Xyloglucans are plant cell wall polysaccharides, which belong to the hemicellulose class; i.e., they can bind to cellulose. They are the most abundant hemicellulose in the walls of many nongraminaceous species. Xyloglucans can function both as a structural and as a reserve polysaccharide. In the primary cell wall, xyloglucans can crosslink cellulose fibers, yielding a network that determines to a large extent the strength of the wall. This complex usually constitutes approximately half of the amount of wall polysaccharides, the cellulose (30%) being a bit more abundant than the xyloglucan (20%). Plants possess many enzymes to remodel this network. Certain degradation products of xyloglucan may serve as signaling molecules, the activity of which can be regulated by various glycosidases. Structural xyloglucans are also important from a food industry point of view. They are an important target for fungal enzymes in applications, which aim at a complete degradation of the plant cell wall, such as the "liquefaction process'' for fruit juice manufacturing. Further, xyloglucans might play a role in determining the shelf life of fruits and vegetables.

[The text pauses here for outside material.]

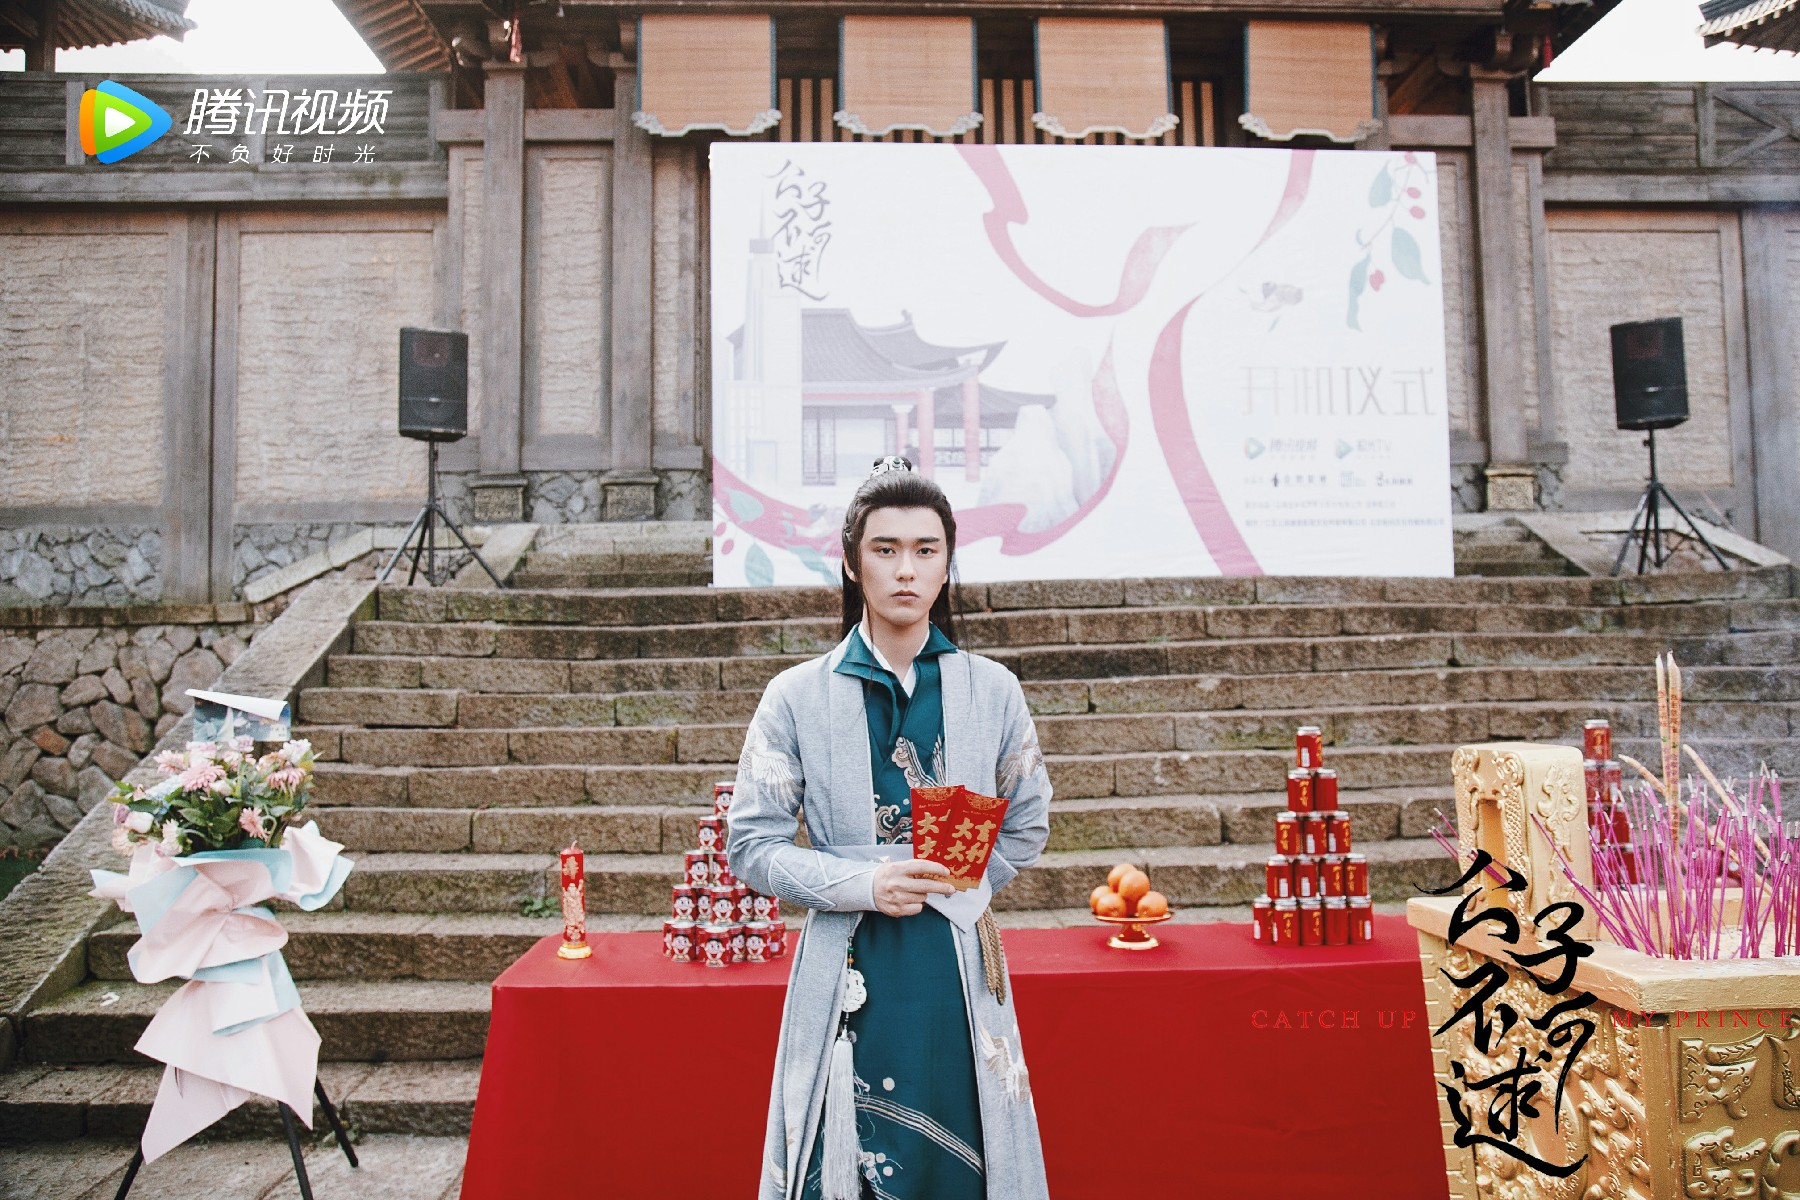 刘奕畅主演《公子不可逑》开机 甜宠来袭温暖寒冬

Xyloglucans can also be deposited in the secondary cell walls of seeds of several species, such as Tamarindus indica, Tropaeolum majus, Hymenaea courbaril, and Copaifera langsdorffii. The seeds can contain > 50% xyloglucan. Upon germination of these seeds, a battery of enzymes is induced to mobilize the xyloglucan food reserves of the hypocotyl. The storage xyloglucans, in particular, are used as food ingredients or in pharmaceutical applications. The decoration (or side-chain configuration) of these xyloglucans determines to a large extent their functional properties. Depending on the application, the decoration may be adjusted by using enzymes of either plant or fungal origin. With the discovery of the first enzymes in xyloglucan biosynthesis, it may be possible in the future to realize these structural modifications in the plant itself. Biosynthetic enzymes using nucleoside-diphosphate sugars will not be discussed in this chapter.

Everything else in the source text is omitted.